You Can't Invest What You Don't Save

The most brilliant investment strategy in the world will not make up for a lack of putting money aside. How much you save versus how much you spend is the most important driver of whether you will succeed in having money for your future financial goals.

Let’s look at an example. Say you’re saving $250 per month for the next 30 years. If your investments return 8 percent per year, you’ll end up with about $373,000 at the end of 30 years. If you have decided you need at least $400,000, maybe that’s not enough for your future goals.

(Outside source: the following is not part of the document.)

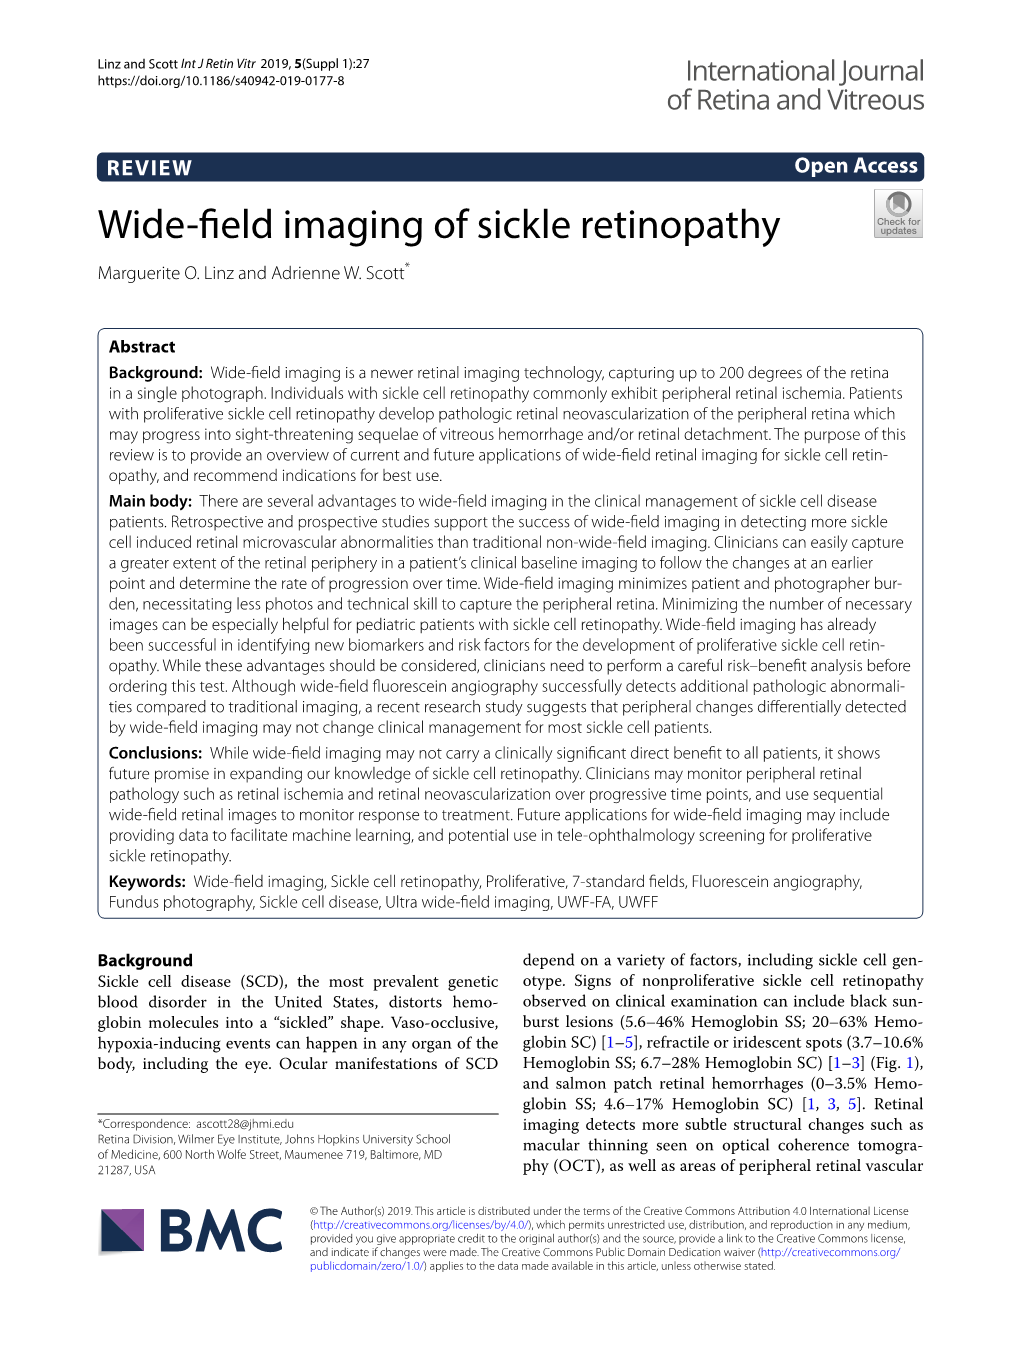 Wide-Field Imaging of Sickle Retinopathy

What’s the best way to get to $400,000 by the end of 30 years? You could try to increase your returns to about 8.4 percent per year, but that’s going to be really hard, even impossible. Remember that you don’t really have control over what your investments do, although you could potentially choose to take on more risk.

The alternative is that you could save an extra $25 per month. With an 8 percent return, saving $275 per month would get you to almost $410,000 at the end of 30 years. This approach is much more effective than trying to squeeze out extra returns. More importantly, it is more within your control.

I recently changed my cell phone service and saved $65 a month. I could change my cable and save another $50. I bring my own trash to the dump and save $40 a month. There are simple ways to save an extra $25 per month. There is no simple way to juice returns by an extra 0.4 percent.

The best way to save more is through what financial planners euphemistically call “cash flow management.” In other words, increase how much you make, or decrease how much you spend.

Although most people are averse to the notion of a strict budget, tracking your income and expenses through a program such as Quicken, Mint.com, or a similar program can be extremely helpful in realizing where you can save extra money. It can be eye opening to keep track of where you actually spend your money. The bottom line is that you can’t invest what you spend.